Zika may pose a danger for far many more of us than pregnant women and babies, a new study suggests.
Mosquitoes have now transmitted the virus in a second area in South Florida, officials announced on Friday, as they advised pregnant women not to travel to the zone in Miami Beach. As the virus spreads in the Americas, with more than 10,000 cases confirmed in the United States, researchers are working to understand its subtleties and develop a vaccine.
In addition to causing the birth defect microcephaly, Zika can wreak havoc in our brains' stem cells, researchers from Rockefeller University and La Jolla Institute for Allergy and Immunology found in a study published in the journal Cell Stem Cell Thursday.
The stem cells, known as neural progenitor cells, help replace damaged neurons—the main components of our brain and spinal cord—and assist with learning and memory. Using a mouse model, the researchers found that Zika can target those cells, which can lead to reduced brain volume and complications in brain functioning—similar to the long-term effects of microcephaly.

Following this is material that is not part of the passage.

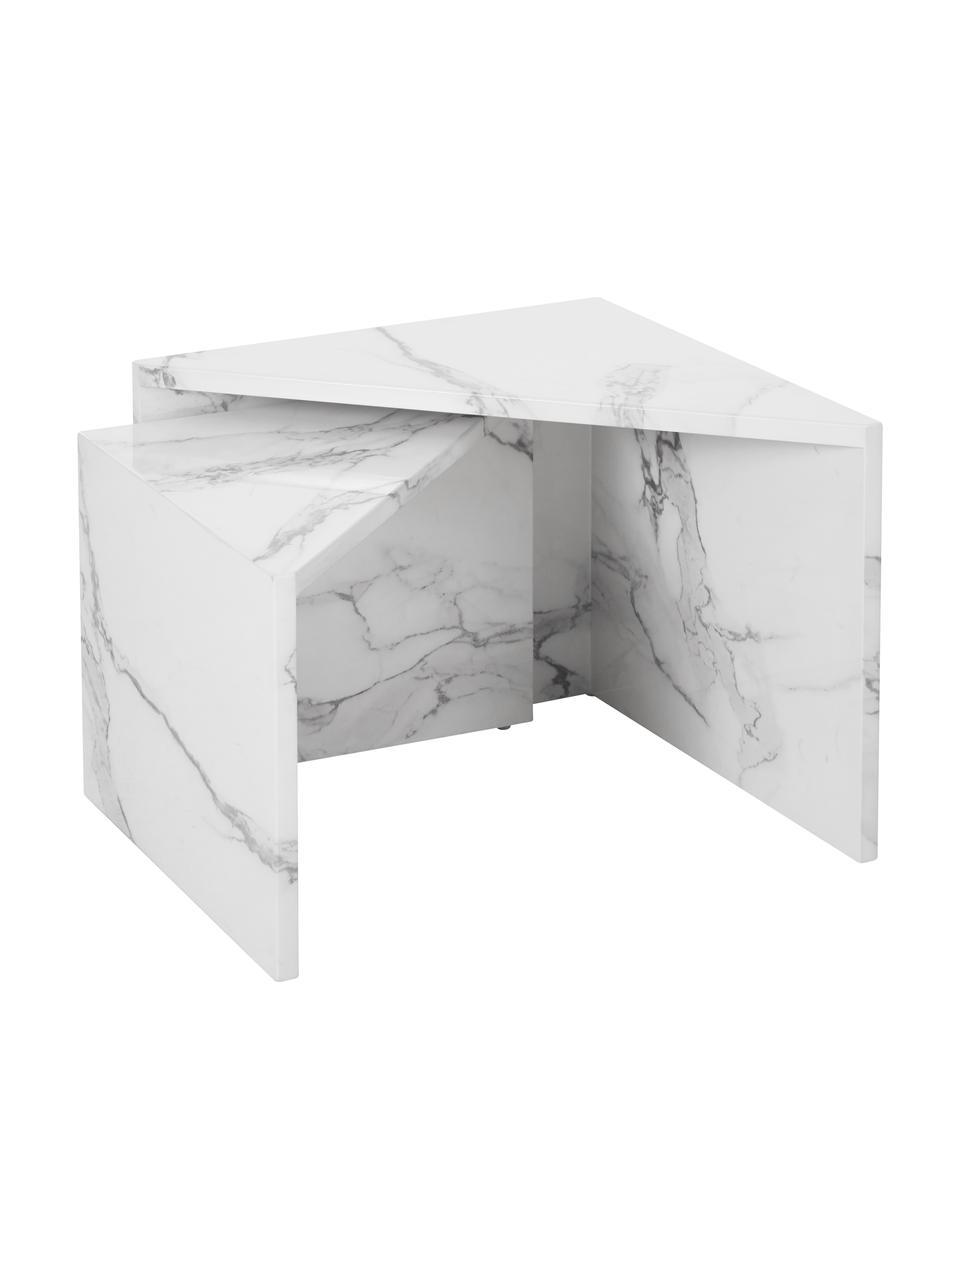 Couchtisch 2er-Set Vilma in Marmor-Optik, Mitteldichte Holzfaserplatte (MDF), mit lackbeschichtetem Papier in Marmoroptik überzogen, Weiß, marmoriert, glänzend, Sondergrößen

“Getting infected with Zika as an adult may not be as innocuous as people think,” Joseph Gleeson, the study's lead author and head of Rockefeller’s pediatric brain disease laboratory, said in a release.
Neural progenitor cells were previously thought to become resistant to Zika as they became neurons in healthy adults, but Gleeson's team's study found that Zika affects the specific cells in adults just as it does in fetuses. Using fluorescent biomarkers, the researchers showed that the areas with the brain’s stem cells were significantly infected.
During fetal development, the Zika virus affects the whole brain evenly. But in adult mice, the researchers found Zika affected only regions specific to neural progenitor cells—though they have yet to test the results of their study in humans.
“It’s a complex disease—it’s catastrophic for early brain development, yet the majority of adults who are infected with Zika rarely show detectable symptoms. Its effect on the adult brain may be more subtle, and now we know what to look for,” said Sujan Shresta, a professor at the La Jolla Institute of Allergy and Immunology and one of the authors of the study, in the release.
The researchers’ findings could also help explain how Zika has been linked to Guillain-Barré syndrome, a disorder in which the body’s immune system attacks its nervous system. The disorder can cause paralysis, and Zika-affected countries have seen more cases, which the researchers say could be the result of losing neural progenitor cells.